Todavía no me acostumbraba a su ternura, y no creo que me acostumbre pronto.
“Tenía que terminar lo que habías empezado…” murmuré, y él soltó una ligera carcajada.
Sus labios eran tan tentadores, y por más que intentara apartar la vista, solo conseguía enredarme más.
¿Cómo puede alguien ser tan guapo incluso en esta condición?
Incapaz de contenerme más, presioné mis labios contra los suyos y sus ojos se abrieron de sorpresa, aunque no por mucho tiempo, ya que de repente comenzó a besarme de vuelta.
Sus besos estaban llenos de pasión y hambre mientras enredaba sus dedos en mi cabello, besándome como si su vida dependiera de ello.
Coloqué mis manos en su pecho, teniendo cuidado de no tocar sus heridas mientras deslizaba su lengua en lo más profundo de mi boca.
¿Cuándo me volví tan fácil?
No podía entender qué me estaba haciendo, pero lo único que deseaba era besarlo y llegar aún más lejos…
¡Espera!
¿Qué estoy pensando?
Él sostuvo la parte trasera de mi cabeza mientras me involucraba en una batalla de lenguas.
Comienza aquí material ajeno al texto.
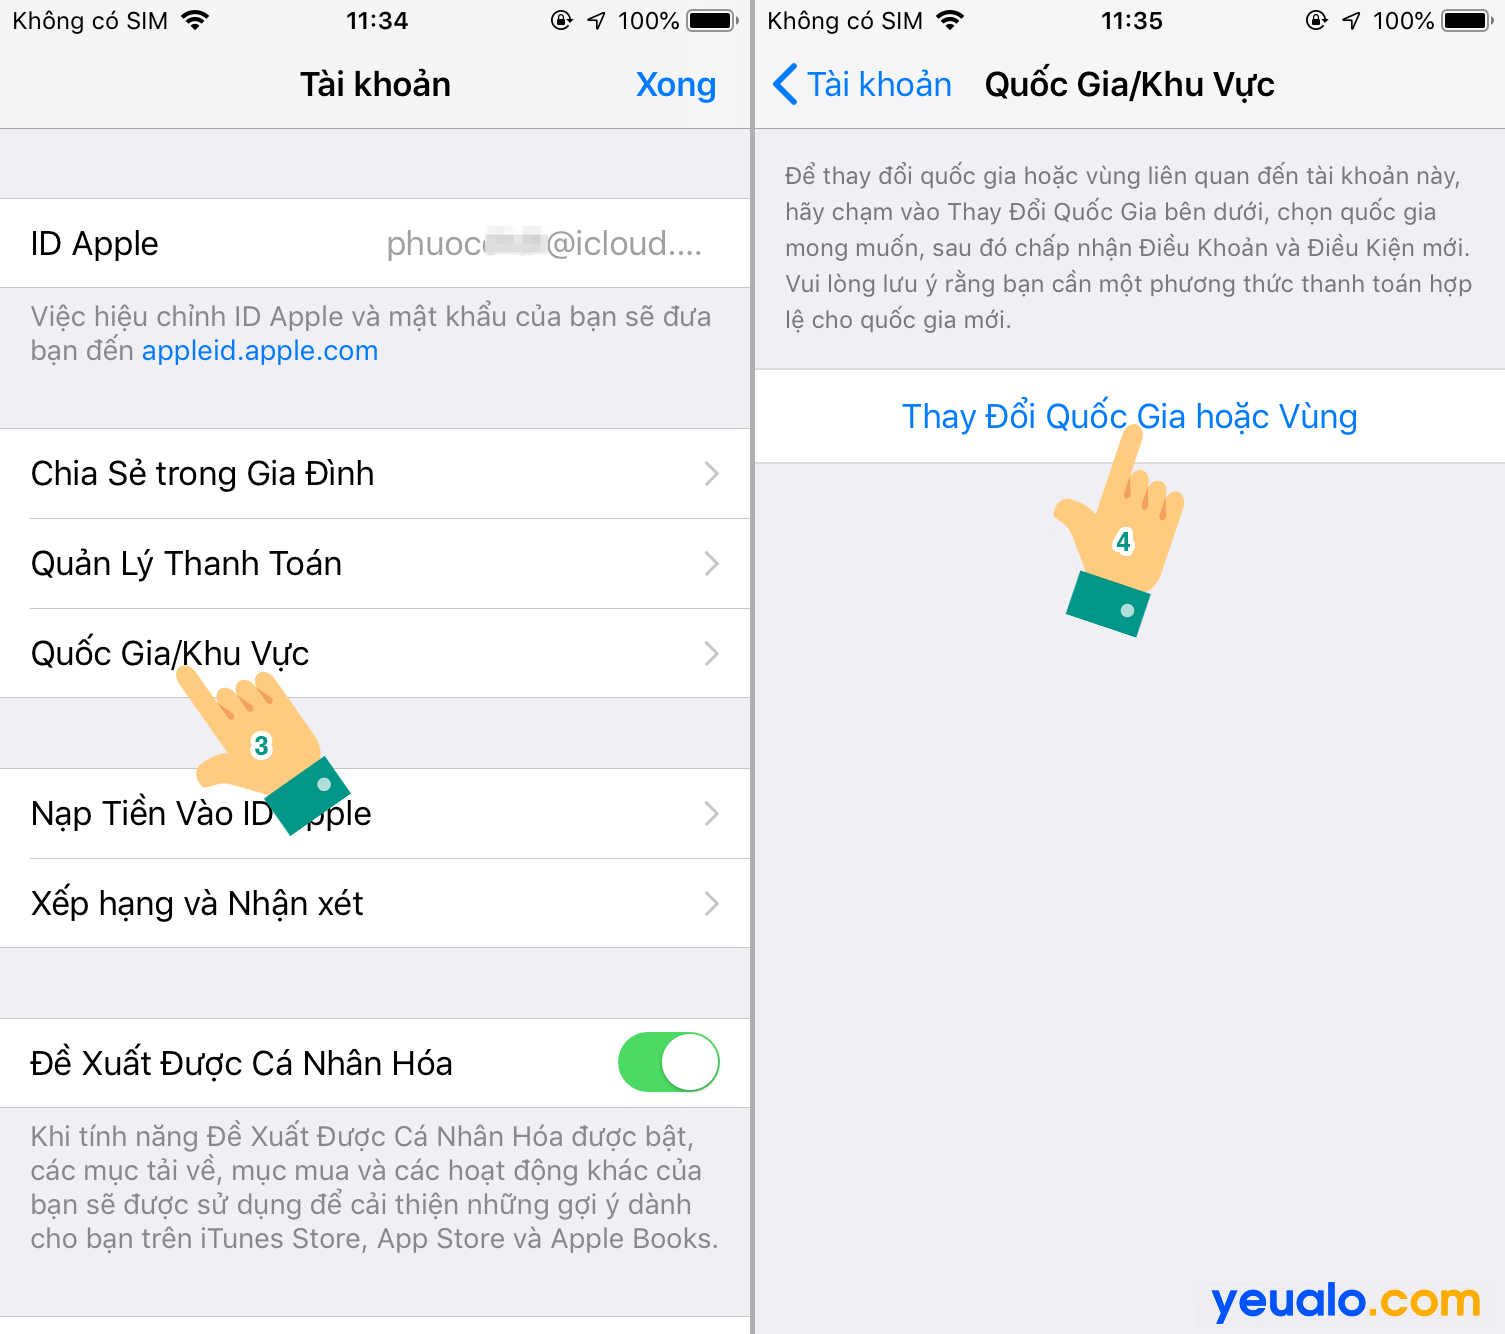 Cách tải Tik Tok Trung Quốc cho iOS iPhone 2

Se separó de mis labios y descendió hacia mi cuello y clavícula, plantando suaves besos por todo el área…
“Te he extrañado, Samantha…” su voz ronca hizo que mis entrañas temblaran…
Un gemido amenazaba con escapar de mis labios mientras los suyos obraban maravillas…
Él llevó sus labios de nuevo a los míos y esta vez fue un beso lento y apasionado…
Estábamos tan absortos el uno en el otro que no escuchamos la puerta abrirse y alguien entrar…
“Necesitas ver-” se congeló cuando vio todo y solo entonces me solté de Damian y corrí hacia el baño avergonzada, mientras Damian fulminaba con la mirada al intruso, que no era otro que su secretario Adrian…
Me encerré en el baño y me apoyé contra la puerta mientras intentaba calmar mi corazón acelerado…
‘¿Qué estabas pensando, Samantha?’ me regañé mentalmente por haberme lanzado a él de esa manera…
No podía entender lo que me estaba pasando últimamente…
Seguía pensando en él y cuando estaba consciente, lo cuidaba y me preocupaba si algo le sucedía…
Me repetía a mí misma que solo quería venganza, mientras escondía la verdadera razón de por qué quería mantenerlo con vida…
Y cuando él decía no recordarme, me dolía.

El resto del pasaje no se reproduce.